Model recommendations for PhariaAssistant

At Aleph Alpha, we continuously strive to provide you with access to the best and most suitable AI models available. We regularly evaluate and test the latest language models, ensuring you benefit from highly effective, cost-efficient solutions tailored to your specific needs.

Our selection currently includes several variants of the Llama family models, chosen to accommodate different hardware capacities and usage requirements. In our tests, we found the Llama 3.1-8B-Instruct model particularly effective for summarisation tasks, especially when dealing with large documents exceeding the model’s context window. Conversely, the larger Llama 3.3-70B-Instruct and Llama 3.1-70B-Instruct models excel in question-answering tasks due to their precise instruction-following capabilities and alignment with source documents.

Llama 3.3-70B-Instruct and Llama 3.1-70B-Instruct share the same architecture and thus have identical hardware requirements.

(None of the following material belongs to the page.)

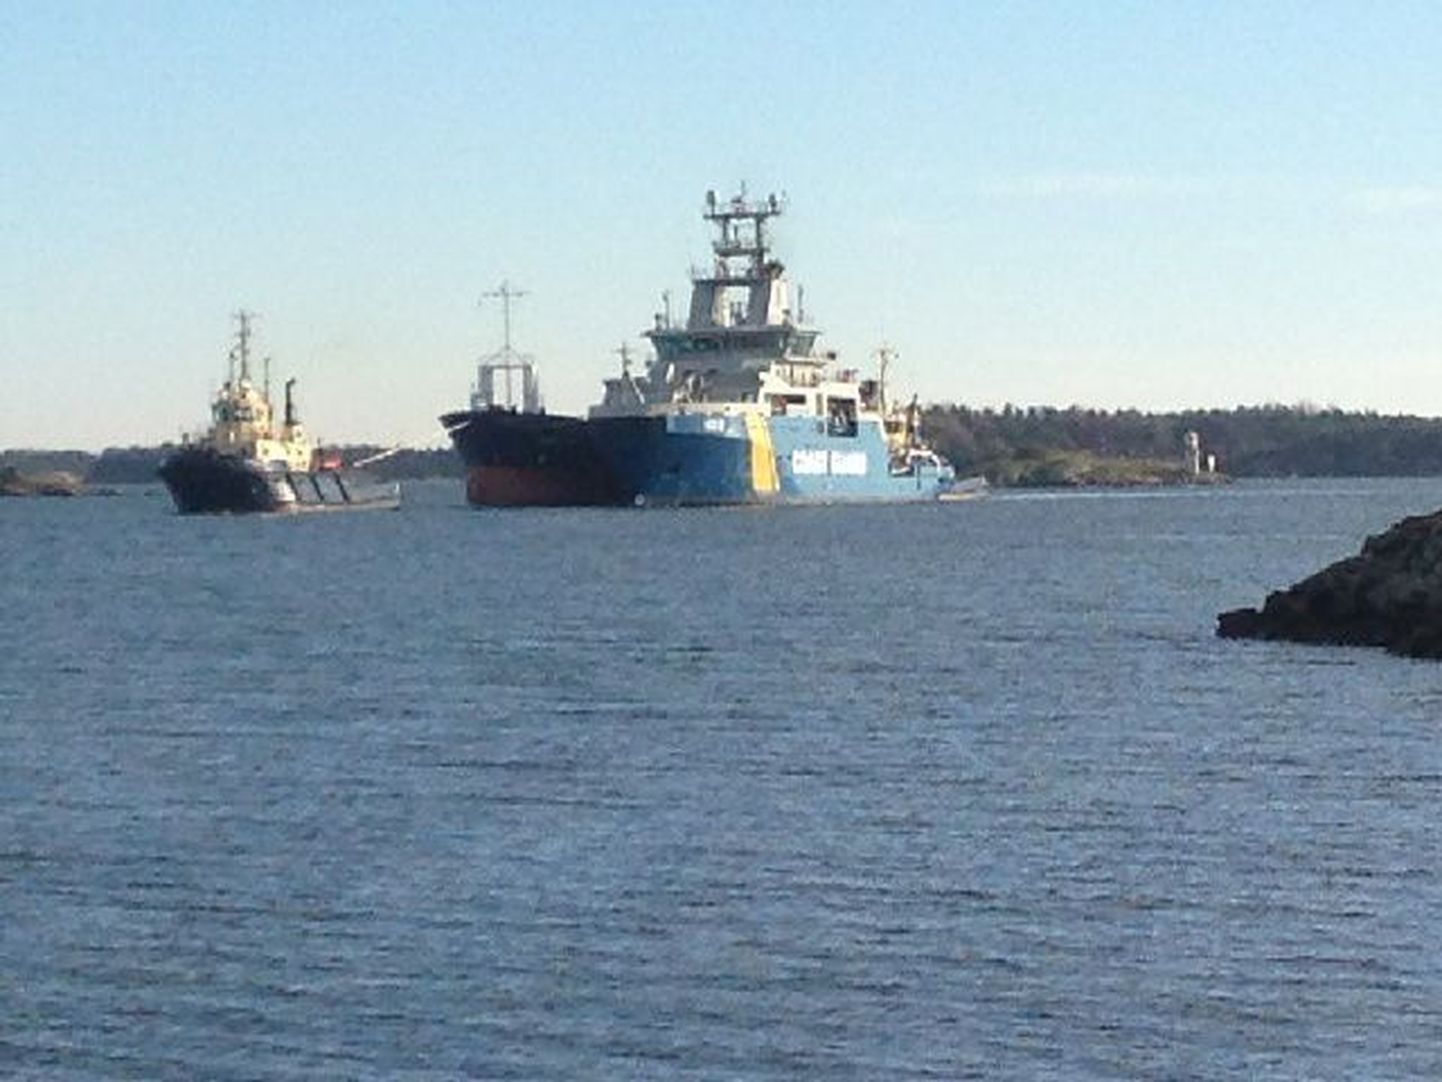 Eesti kaubalaev Kertu jõudis täna pärastlõunal Rootsi Oxelösundi sadamasse.

Llama 3.3-70B-Instruct is optimised specifically for dialogue applications and consistently outperforms Llama 3.1-70B-Instruct across multiple benchmark tasks. Given these advantages, we recommend Llama 3.3-70B-Instruct for most scenarios requiring high-quality responses and nuanced understanding.

The following is a comparative table highlighting strengths, best uses, and limitations of each model:

Model Strengths Best for Limitations Hardware Requirements

Llama 3.1-8B-Instruct

  • Efficient resource utilisation

  • Effective summarisation

  • Good performance when recursive summarisation needed

  • Document summarisation

  • Processing large documents

  • Deployments with resource constraints

  • Less sophisticated instruction-following

  • Less precise for complex QA tasks

  • May generate less nuanced responses

40 Gb of VRAM required.
For example, you can do this with:

  • 1 x L40 (48 Gb)

  • 1 x A100 / H100 (80 Gb) with a 50 % split with MiG mode

However, it is faster when using a full A100 / H100 or similar.

Llama 3.1-70B-Instruct

  • Strong instruction-following

  • Precise alignment with source documents

  • High-quality responses across languages

  • Complex question-answering tasks

  • Applications needing detailed responses

  • Cases where accuracy is critical

  • High computational requirements

  • Expensive to deploy and run

  • Slower inference speeds

320 Gb of VRAM recommended.

For example, you can do this with 4 x A100 / H100 or equivalent

Llama 3.3-70B-Instruct

  • Advanced instruction-following

  • Optimised for dialogue and contextual understanding

  • Improved coherence and nuanced responses

  • Most recent knowledge cutoff (Dec 2024)

  • Mission-critical QA applications

  • Applications benefiting from nuanced dialogue and recent knowledge

  • High computational requirements

  • Expensive to deploy

  • May be excessive for simpler tasks

320 Gb of VRAM recommended.

For example, you can do this with 4 x A100 / H100 or equivalent

This table is intended to assist you in selecting the most appropriate model based on your specific use case, balancing performance needs with computational resources and cost considerations.

To install models in your PhariaAI environment, see Deploying workers and Configuring model weights downloaders.

The Prerequisites article in the installation guide can help you get a better overview of the hardware options.

To configure these models for use in PhariaAssistant, see Configuring models for PhariaAssistant.